The aim of this test was to make it harder for attackers to use a script, or "bot" to create huge numbers of fake accounts. Unfortunately, this older style of CAPTCHA puzzle can be trivially solved by computers nowadays - the only way for Parler to stop the fake accounts from being created was to switch off registration completely.
Buy Vs Build
In several areas, Parler appears to have built its own solutions rather than adopting and re-using standard mechanisms. This aligns with what the Parler CEO claimed, about "bare metal" solutions, which minimise dependencies on Amazon and third-party services.
Organisations are frequently faced with these sorts of buy-vs-build decisions. Deciding to "build your own" can be the right answer -- particularly for key differentiating capabilities. But it comes with a cost -- not just the initial build cost, but the work required to keep that component updated as technology moves forward. This is particularly important for security-related components, where a single mistake can result in catastrophic failure. Buying an off-the shelf / third-party solution leverages the skills, time and expertise of a specialist provider, allowing the client to get on with delivering their products and services.

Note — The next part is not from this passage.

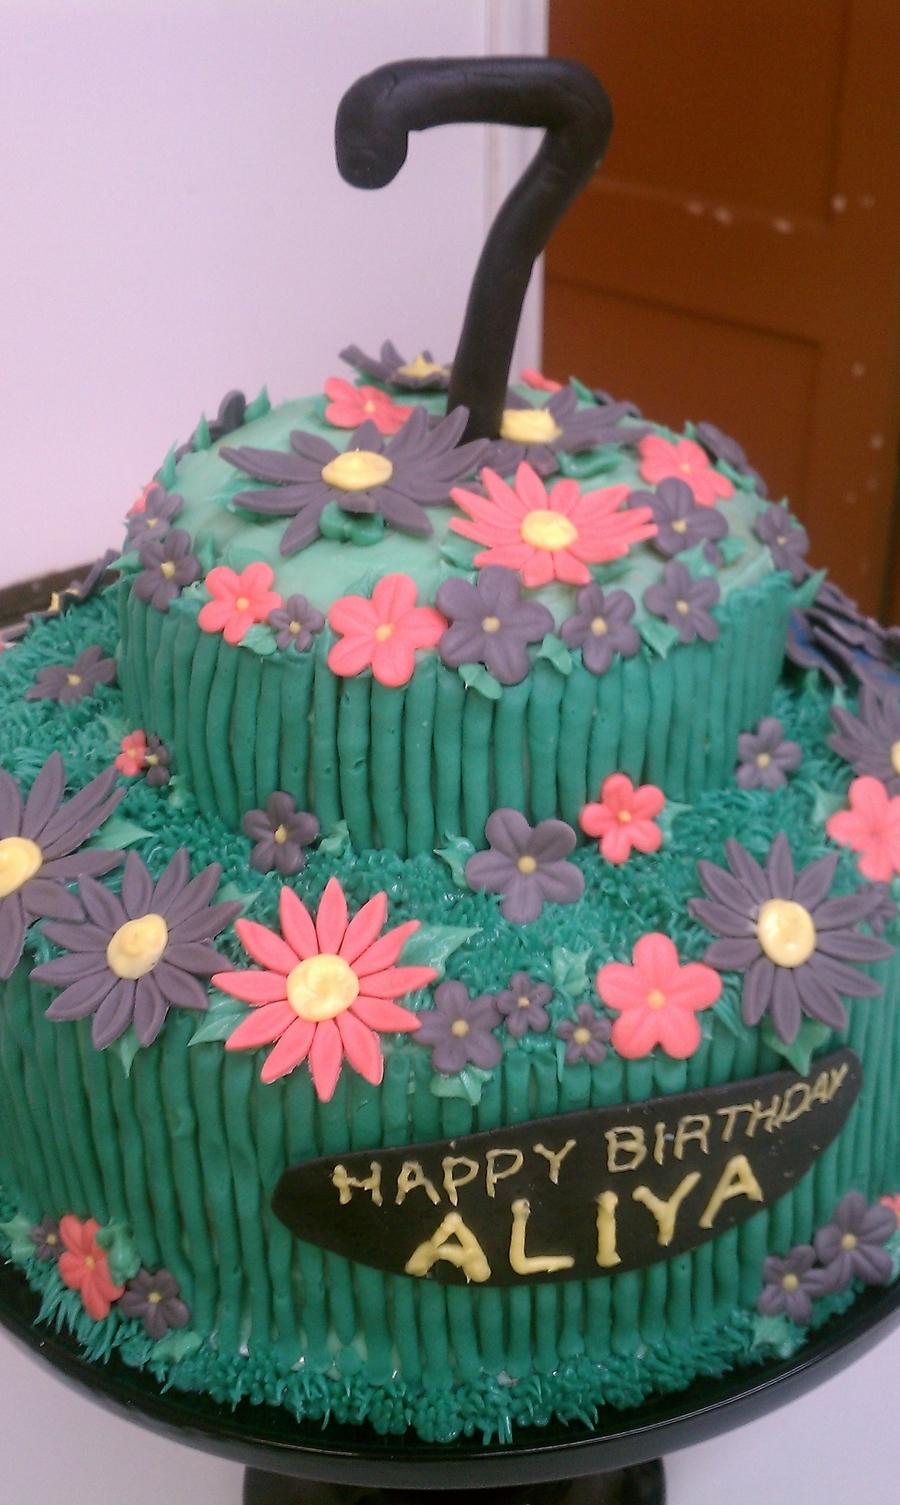 Flower garden birthday cake cakecentral flower garden birthday cake on cake central izmirmasajfo

As with many high-impact security breaches, it was a combination of multiple individual mistakes which led to hackers being able to download all the user-submitted content from Parler. Even after Parler had shut down new user registration, hackers were able to use the fake accounts they had created to "scrape" posts, images and video submitted to the site. They were even able to access the "upload" copies of images and videos, complete with the metadata which records exactly where and when each picture was taken - enabling analysts to track where those users had been.
Through a combination of operational and architecture mistakes, the social media platform which had claimed to be "privacy-focussed" ended up being the source of a major leak of personal data.
Assessing Risks, Taking Action
Organisations should regularly assess their key systems and infrastructure with a clear focus on their real exposure to operational and reputational risks that might arise due to security or infrastructure failures. But it's not enough to simply identify risks - effective plans must be put in place as to how those risks will be dealt with should they be realised.